ママさん自身、中学のときに親から「○○高校にいきなさい」「それ以外は認めない」などプレシャーを受けたいたそうです。でも残念ながら不合格となってしまい、自分も悲しかったし、ママさんの親もとても悔しがったのではないでしょうか。そういう親の姿を見ているために、娘さんにはリベンジをしてほしいと思っているのかもしれません。もちろんその高校が優秀な進学校で、学力が高い大学への進学者が多いなど、学力の面でのメリットもあるのでしょうが……。

娘さんとママさんは別に考えるべき!

『子どもはママさんの身代わりじゃないんだよ。行きたい高校に行けなかったのはママさん。自分のことは自分では折り合いをつけなよ』


『娘を自分に置き換えてはだめ。そこに行かせたとして何になるんだよ。自己満足にも程がある』


自分が合格できなかった高校に娘さんが入学をすれば、そこに我が身を重ね、まるで自分が合格できたように思えるのでしょう。ママさんはその高校に合格できなかったことを引きずっているようですし、そのわだかまりを解消するためにも、娘を合格させるしかない! と感じているのでしょうね。でもそれはママさんの願いであって、娘さんの気持ちとは異なっているかもしれません。娘さんと自分を重ね過ぎてしまうのも考えものではないでしょうか。

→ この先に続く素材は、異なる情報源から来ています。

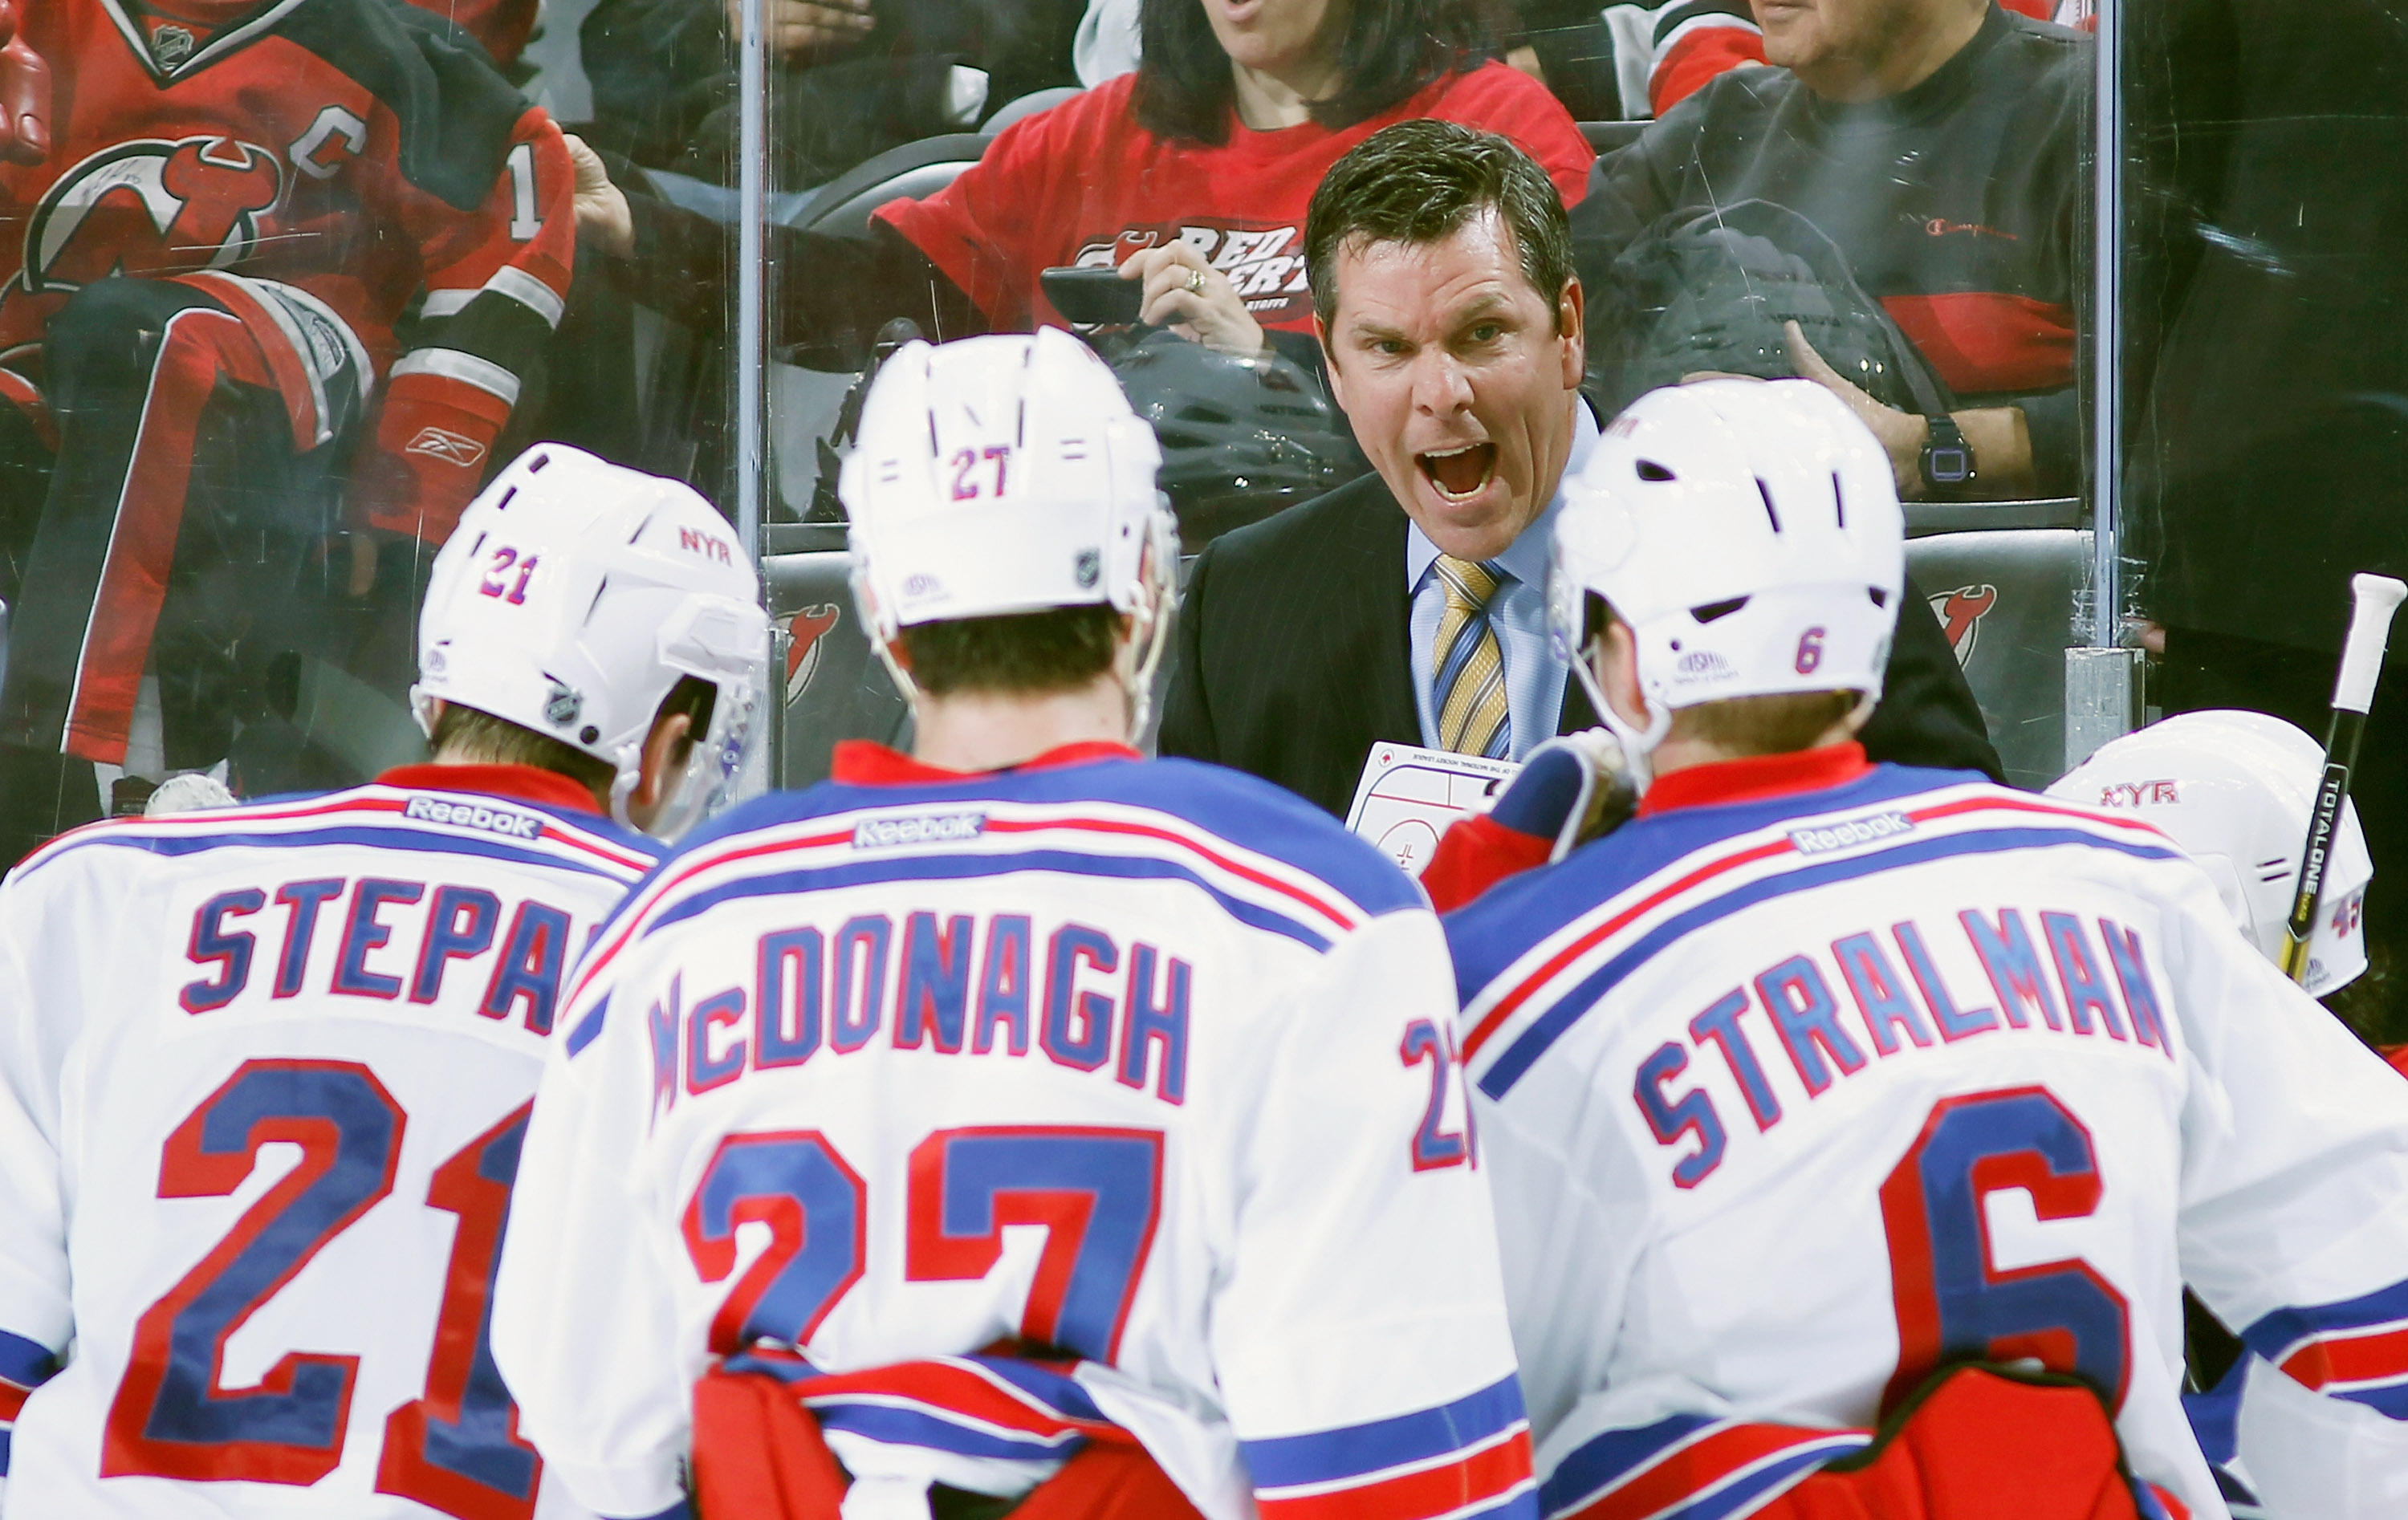 NEWARK, NJ - FEBRUARY 05: Assistant coach Mike Sullivan of the New York Rangers gives instructions against the New Jersey Devils during the game at the Prudential Center on February 5, 2013 in Newark, New Jersey. (Photo by Andy Marlin/NHLI via Getty Images)

その高校でいいのか、もう一度考えてみた方がいい。その理由は?


昔と今では大きな違いがあるかもしれない

『親はいつまでも自分の中学・高校時代の思い出や価値観を引きずりがちだけれど、同じ高校でも今と昔では価値が違う場合もあるしね。自分の感覚だけで志望校を決めつけず、娘さんの意見も尊重してもう一度考え直してもいいかもしれない』


ママさんがその高校を目指していたときから、かなりの時間が経過しています。その間、学校の風習や周りからの評価、もしかしたら偏差値も変わっているかもしれません。昔以上に評判がよく学力も上がっているならいいのですが、その逆だったら……。娘さんに合う違う学校もあるのではないでしょうか。
子どもの本心は違うかもしれない

『私は娘側の立場ですが、中学受験のときに親が自分の母校に私を行かせたがっていたので、勉強を頑張りました。でも本当はやりたいこともあったし、制服や部活を見ても違うところに行きたかった。娘さん、中3なら自分でやりたいこともあるんじゃないですか?』


ママさんは、娘さんにも諦めたくない気持ちがあると思いたいようですが、娘さんの本心は違う場合もあります。今の段階では、成績も合格ラインギリギリですし、不安でいっぱいでしょう。ママさんを喜ばせたい一心で頑張り続けているのかもしれません。本心では合格に自信を持てる高校を志望校に変えたいと考えたり「あの学校の制服がいいな」と別の高校への憧れがあったりして……。そう考えることはできませんか?
実は他の高校の方が娘さんに合っているかもしれない
娘さんの学力だけではなく性格や好みなどを考えると、その高校よりも娘さんに合っている学校があるかもしれません。

『実際に行ってみないと楽しいかどうかなんてわからないでしょ』


たしかに実際に通い始めてみないと本当の魅力はわかりません。ただママ友ネットワークを使うなどして、得られる情報もあります。筆者の子どもも昨年高校受験だったのですが、知り合いからもいろいろな話を聞きました。実際に子を通わせている親からの情報にはリアルさがあります。いいところばかりではなく「ここはちょっと考えものかな」という点も教えてくれる相手だと、その情報はより有益です。ママさんも「もしかしたら、違う高校の方が娘に合っているのかも」という視点で他の高校を見てみると、新しい発見があるかもしれません。

高校選び。学力も大切だけれど、充実度も忘れないで

一般的には学力を基準に進学先を選ぶものだろうと思います。偏差値が高い高校はその後、「一流」と呼ばれる大学に進む生徒の数も多く、親にとっては魅力的、我が子にも同じように歩みを進めてほしいと期待が高まるものです。しかし高校に入ってからのことも考えることも大切ではないでしょうか。娘さんの今の学力から想像すると、もし希望している高校に入学できたとしても、その後に苦労するのではという心配がよぎってしまうのです。同級生と自分を比べてしまい「私は全然勉強ができない」と落ち込み、挫折を味わうようなこともあり得るでしょう。

反対に今の実力に合った高校を選べば、その学校ではトップを狙える可能性が高まります。勉強のことにだけ悩まされるようなことは回避でき、いっそう楽しく学校生活を送ることができるかも? 大学受験時に指定校推薦枠を狙えるかもしれませんよね。

もちろん学力が高い高校にはそれなりの魅力がありますし、トップクラスの子に引っ張られる形で学力が伸びる子もいます。一方で不登校になったり、学校を辞める子も……。筆者自身、高校生の子ども2人とも、高校受検のときには不安でしたし、イライラさせられもしました。考え方を少し変えてみると、高校の選択肢が広がり、気持ちも楽になりましたよ。